* _What is expected_
Every line of the listing is returned unchanged, and every picture is dropped.

* _Dataset excerpt_
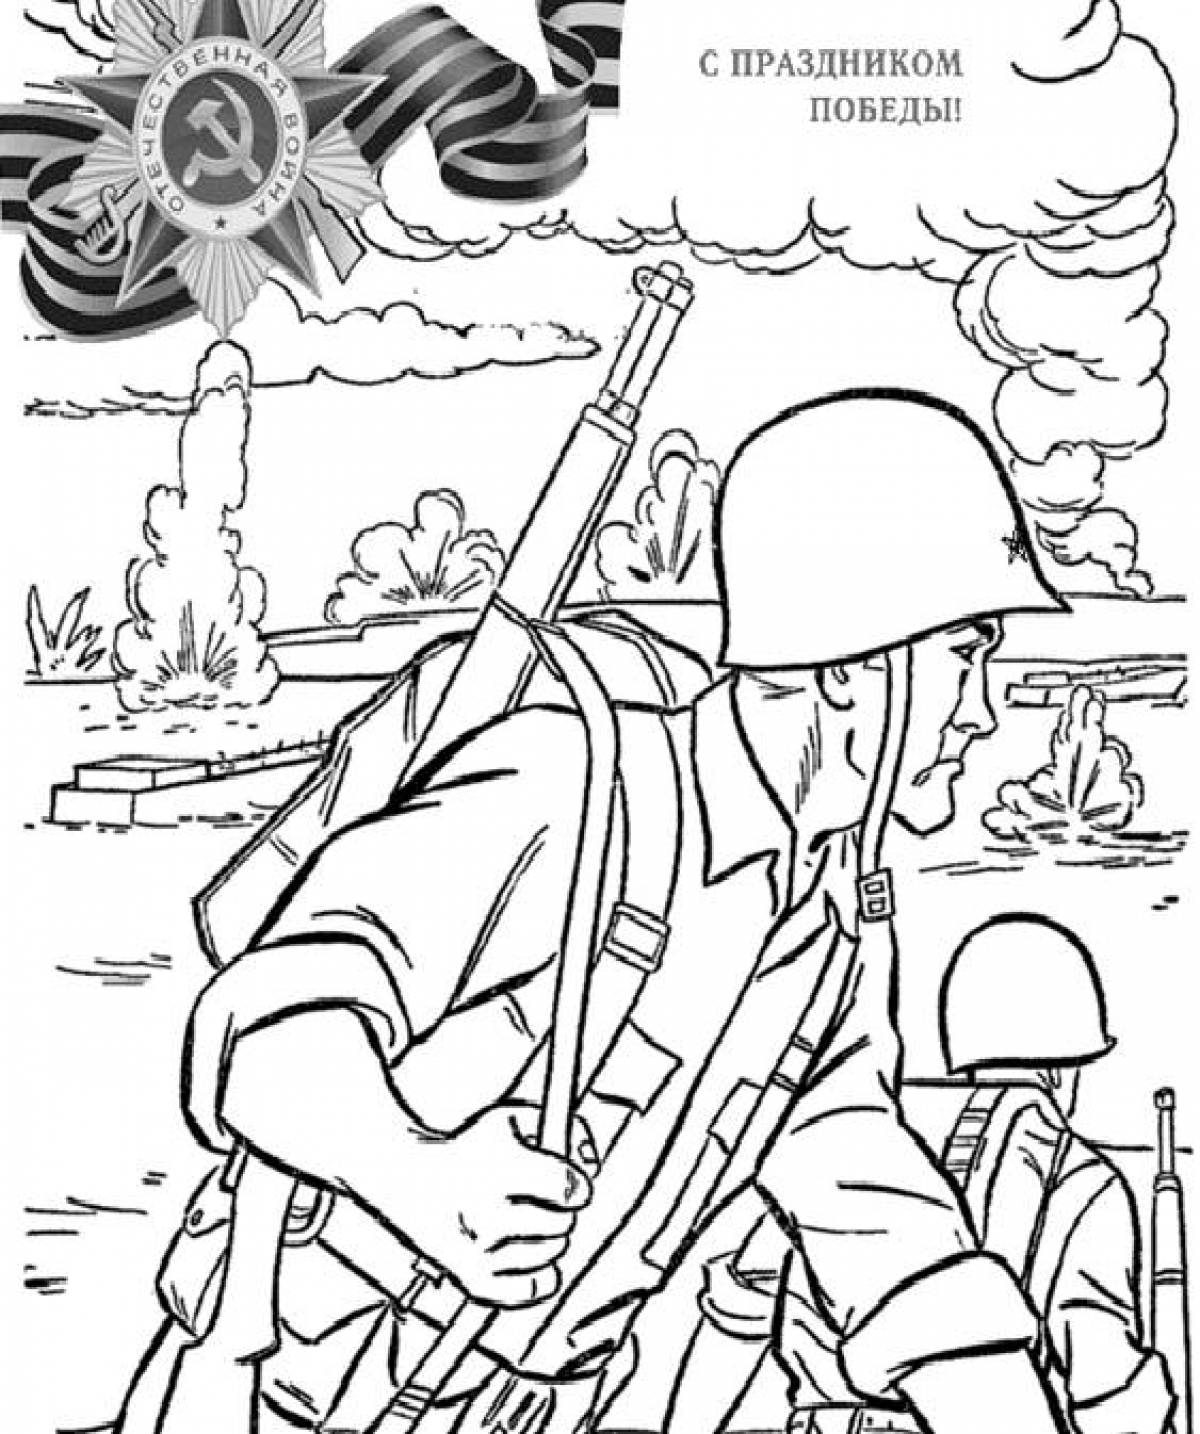 Эскиз рисунка на военную тему
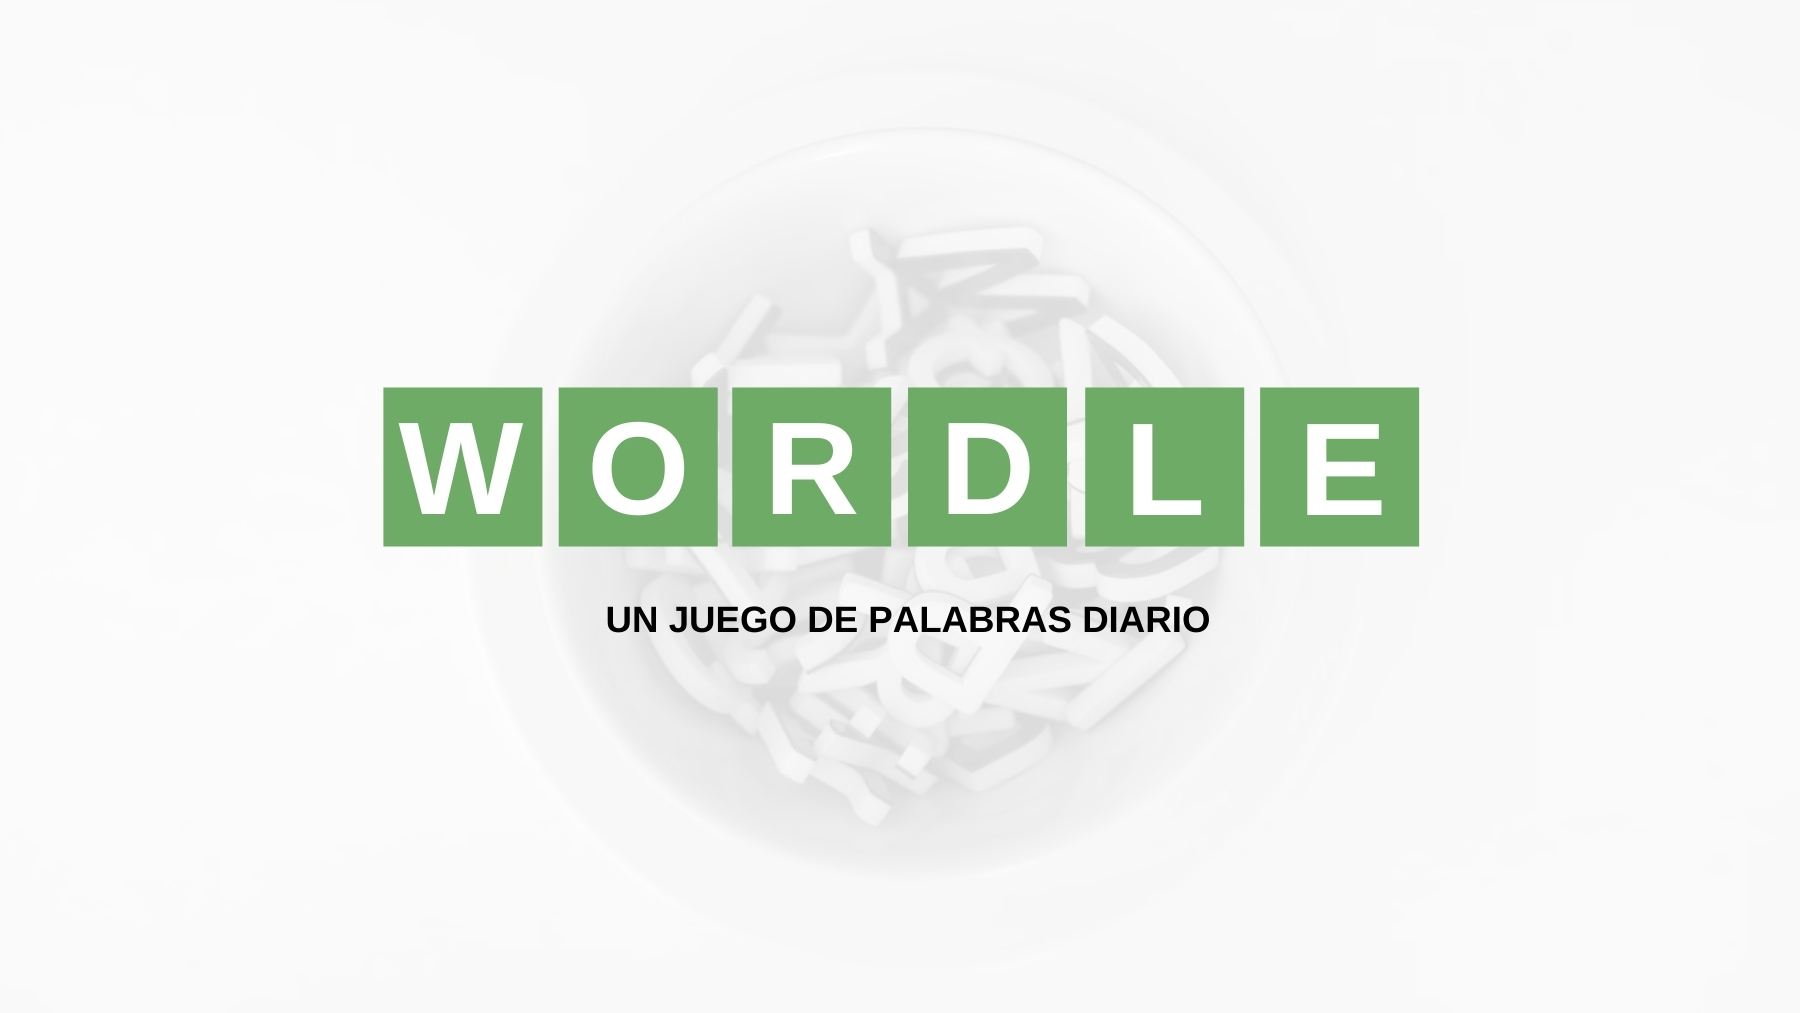 Solución palabra Wordle español, científico y con tildes hoy, viernes 22 de abril de 2022
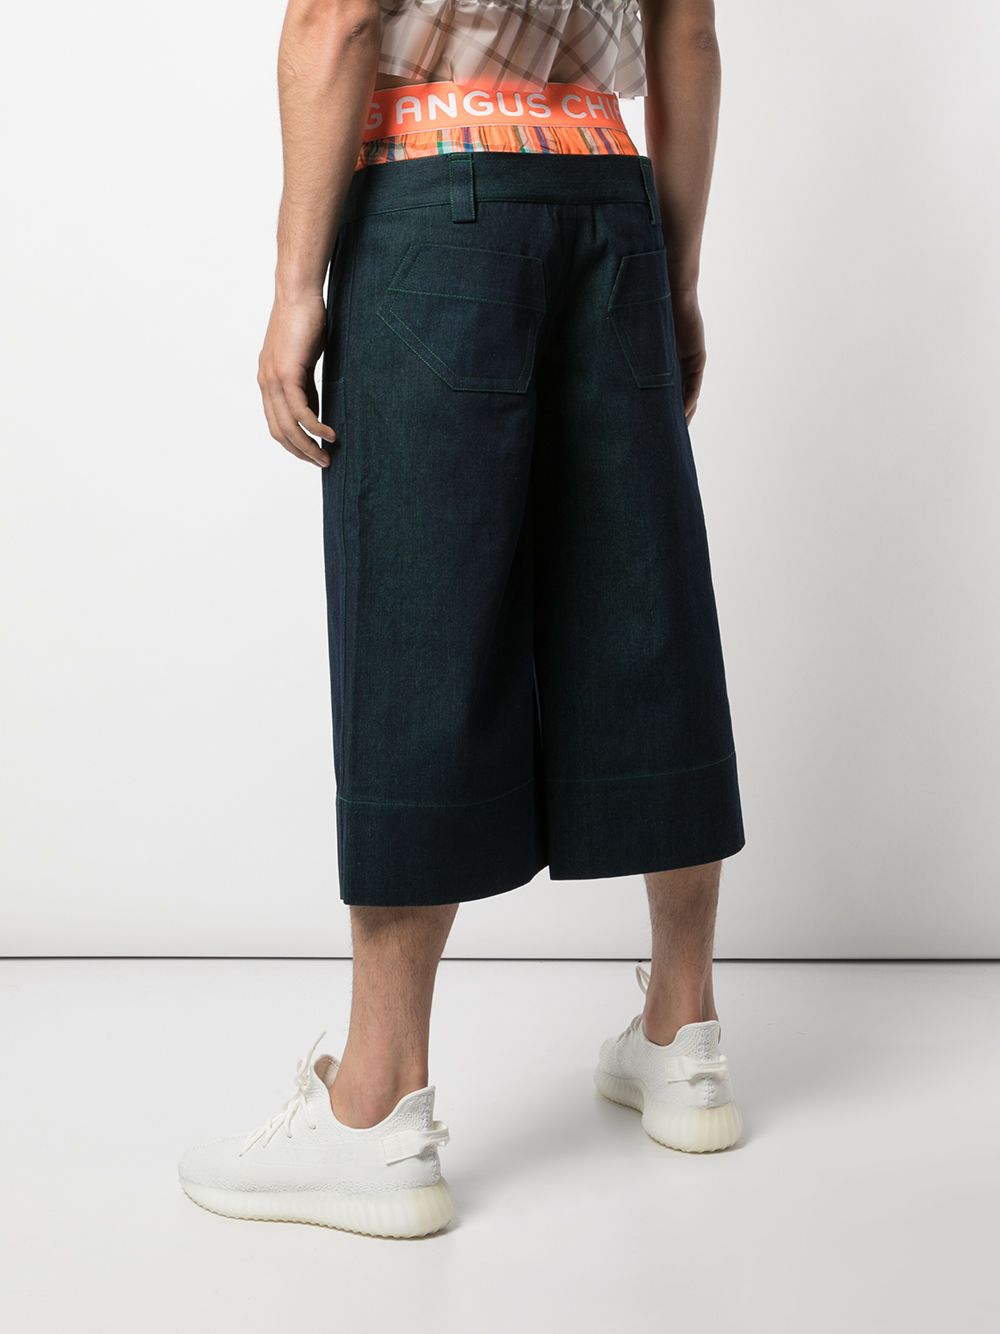 фото Angus Chiang укороченные джинсы с контрастной вставкой на поясе

* _Answer box_
 Эскиз рисунка на военную тему
 Solución palabra Wordle español, científico y con tildes hoy, viernes 22 de abril de 2022
 фото Angus Chiang укороченные джинсы с контрастной вставкой на поясе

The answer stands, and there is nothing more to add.